Savings should be coming to Crew Gold (CRU-T, CRUG.PK-O) quicker than anticipated as refurbishments at its Nugget Pond processing plant are ahead of schedule.

The accelerated timeframe means ore from its Nalunaq gold mine in Greenland can be processed as early as February of this year, ushering in savings of $2 to $3 million per year, the company says.

Back on Oct. 30 Crew announced it was acquiring the plant in Newfoundland as a long term solution for processing ore from Nalunaq –which is currently being processed at Rio Narcea‘s (RNG-T) el Valle Plant in Spain.

Crew paid New Island Resources (NIS-V) 3 million of its shares for the plant, and gave New Island the right to process ore at the plant from its surrounding licenses at commercial rates. Crew estimates the cost of refurbishment to be $8 million.

Crew owns 82.5% of Nalunaq, where commercial mining began in 2004, and produced 75,000 oz of gold in 2006. The mine is the first gold mine in Greenland, and the first new mine in the region in 30 years.

Nalunaq has an indicated resource of 440,000 tonnes with an average grade of 21 grams per tonne for 294,000 oz. of gold and an inferred resource of 3.3 million tonnes grading 18 grams per tonne for 940,000 oz. of gold.

The company plans to ship ore through South Brook, Newfoundland and truck it to the plant until a dedicated unloading facility at Snook’s Arm is constructed by the middle of this year.
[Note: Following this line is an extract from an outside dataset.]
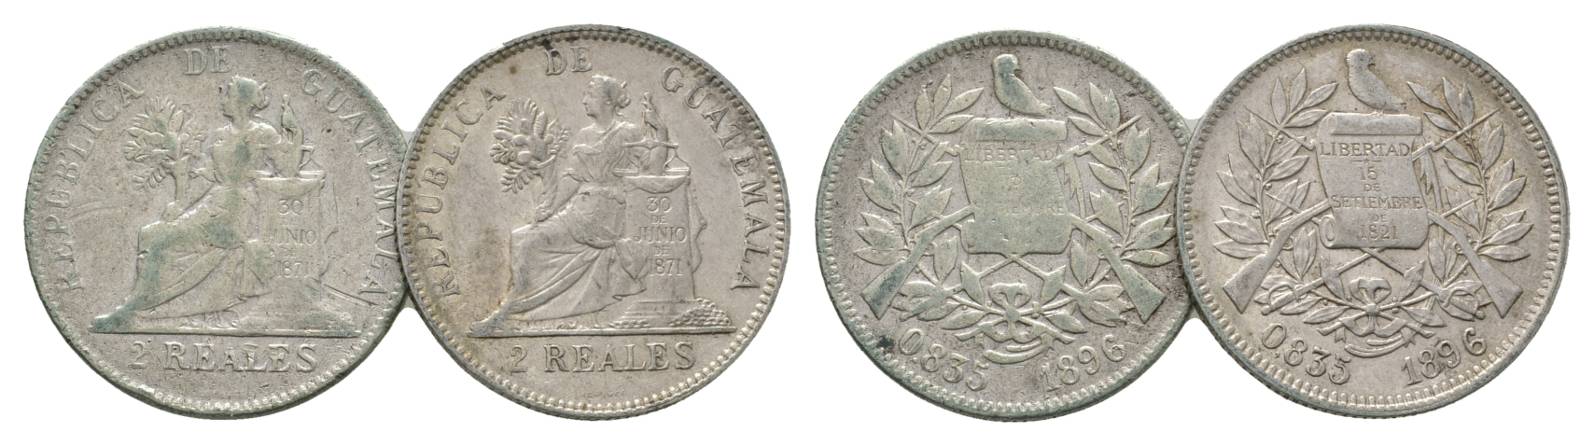  Guatemala, 2 Real 1896

In Toronto on Jan. 5, the Surrey, Englandbased company’s shares were off 2 to $2.32 on roughly 18,000 shares traded largely attributable to the price of gold dropping a hefty US$18.05 to close at US$605.10 for the day.
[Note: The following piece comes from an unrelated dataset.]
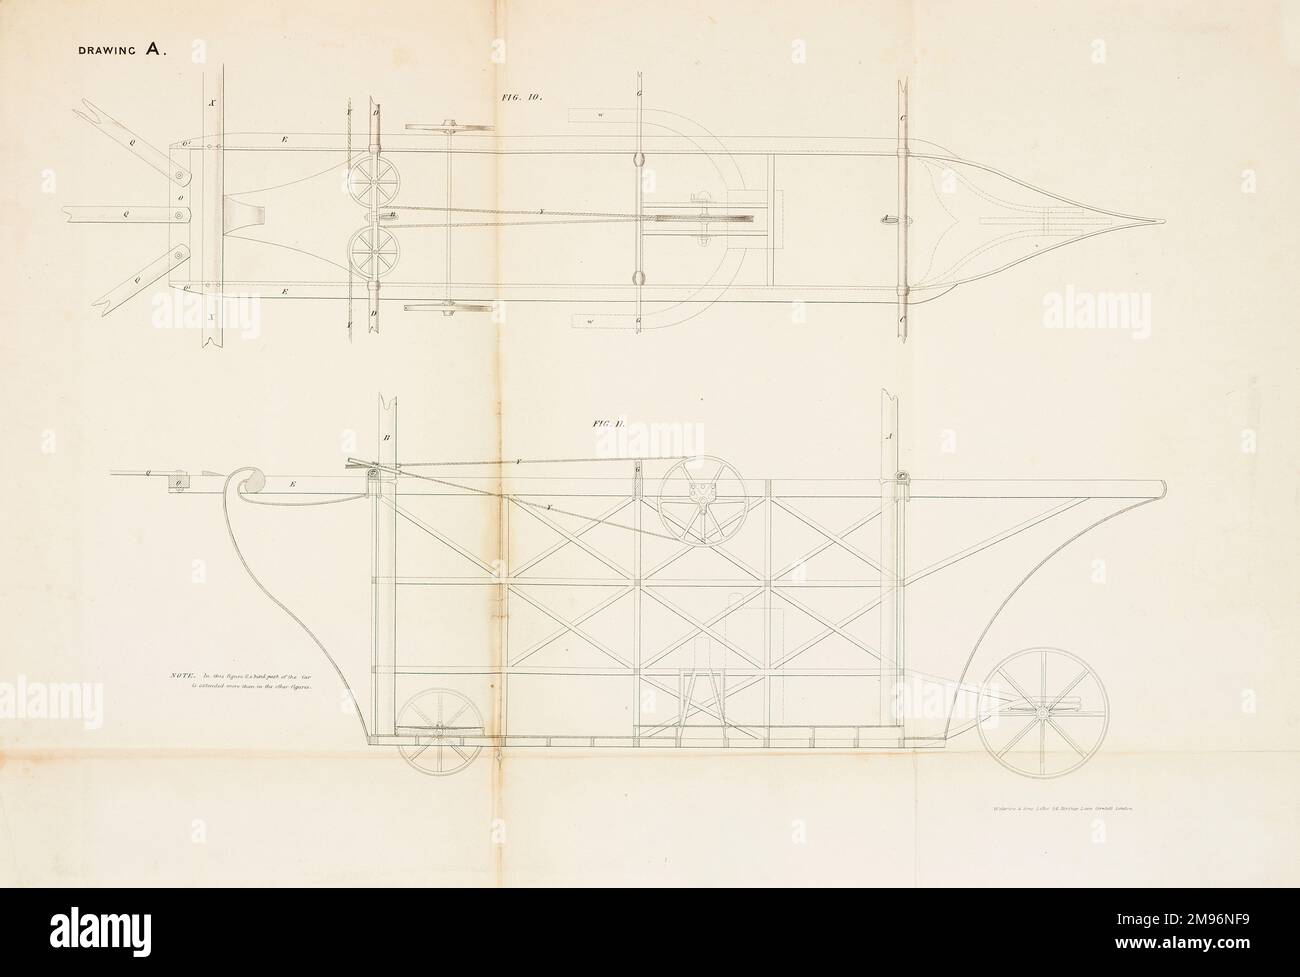 Der Luftdampfwagen – vergrößerte Ansicht des Wagens oder Wagens. Diese Flugmaschine wurde 1842 von William Samuel Henson (1812-1888) und John Stringfellow (1799-1883) patentiert. Stockfoto

The Nugget Pond plant had been run by Montreal-based Richmont Mines (RIC-T) between 1997 and 2004.

Crew says the plant will give it greater control over Nalunaq by reducing cash costs, reducing working capital needs through more regular ore processing and will help it grow in Canada through a joint venture with New Island Resources.

Crew also announced that its efficiency program at Nalunaq is improving productivity and moving it closer to its targeted production of 500 to 550 tonnes of ore per day.